- YOUR GOAL
Without reproducing any image, print the listing below exactly.

- COLLECTED MATERIAL
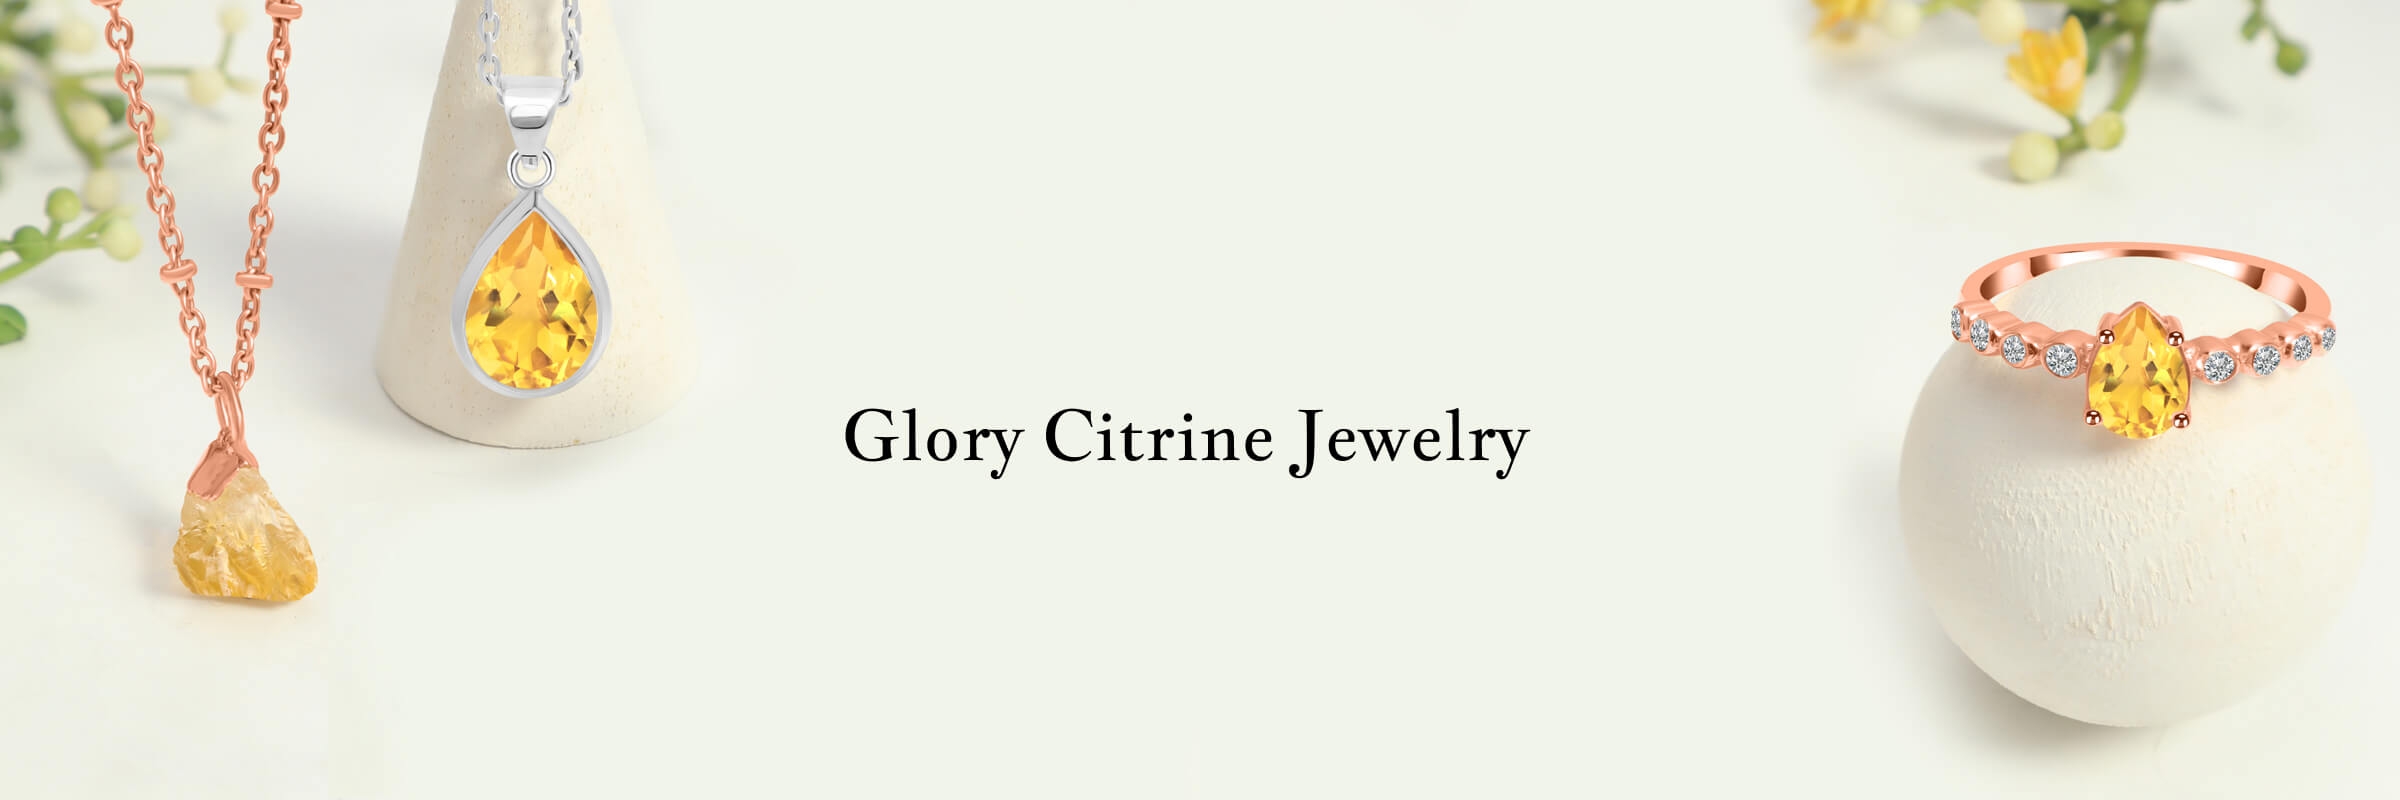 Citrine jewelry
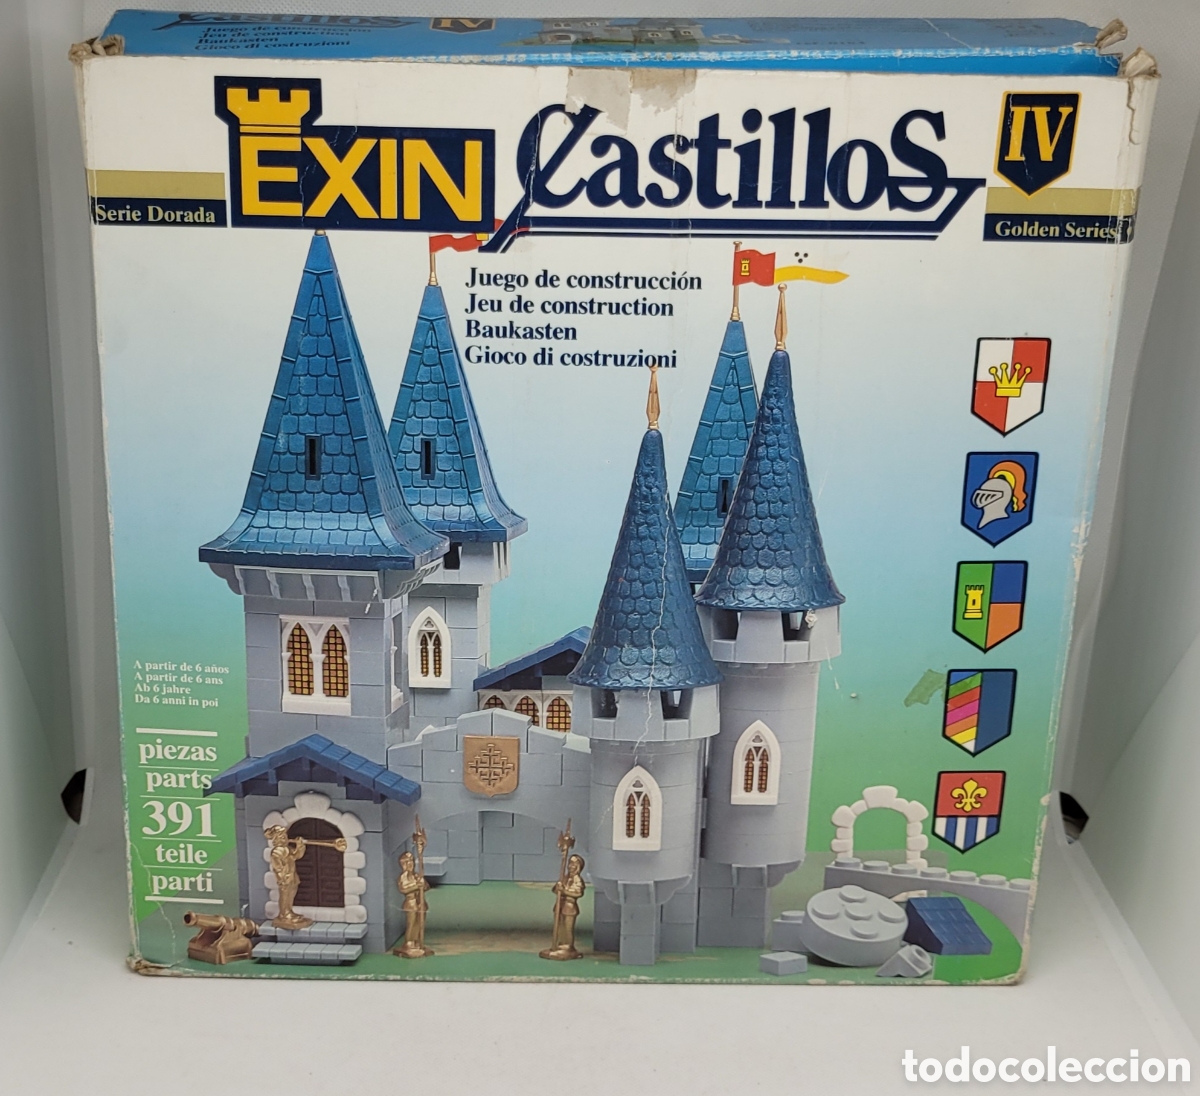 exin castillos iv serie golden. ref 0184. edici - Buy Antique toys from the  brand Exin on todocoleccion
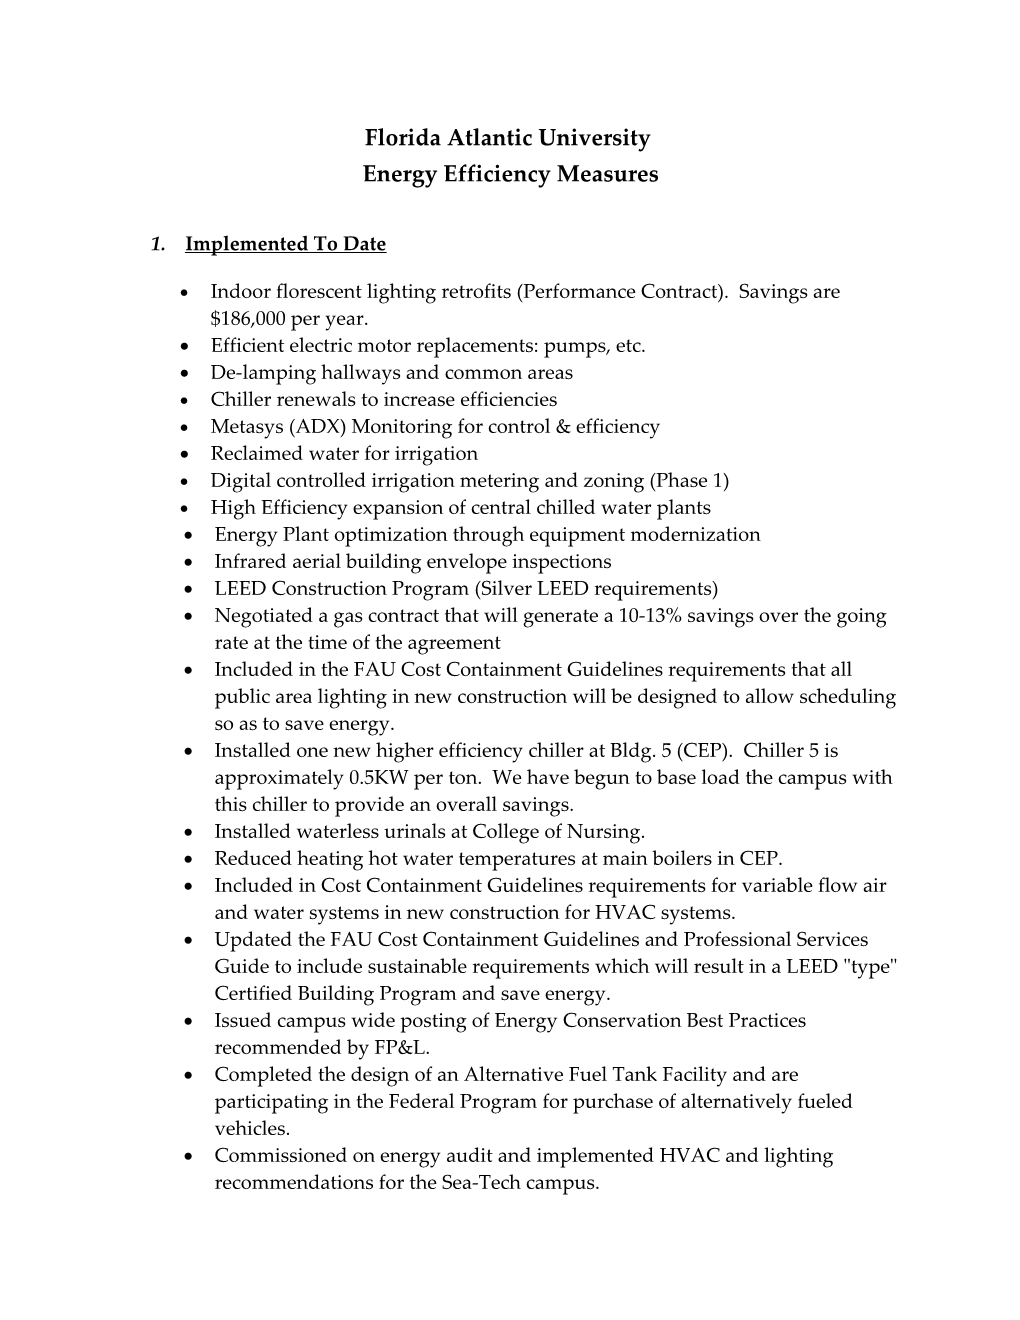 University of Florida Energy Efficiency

- ANSWER BELOW
 Citrine jewelry
 exin castillos iv serie golden. ref 0184. edici - Buy Antique toys from the  brand Exin on todocoleccion
 University of Florida Energy Efficiency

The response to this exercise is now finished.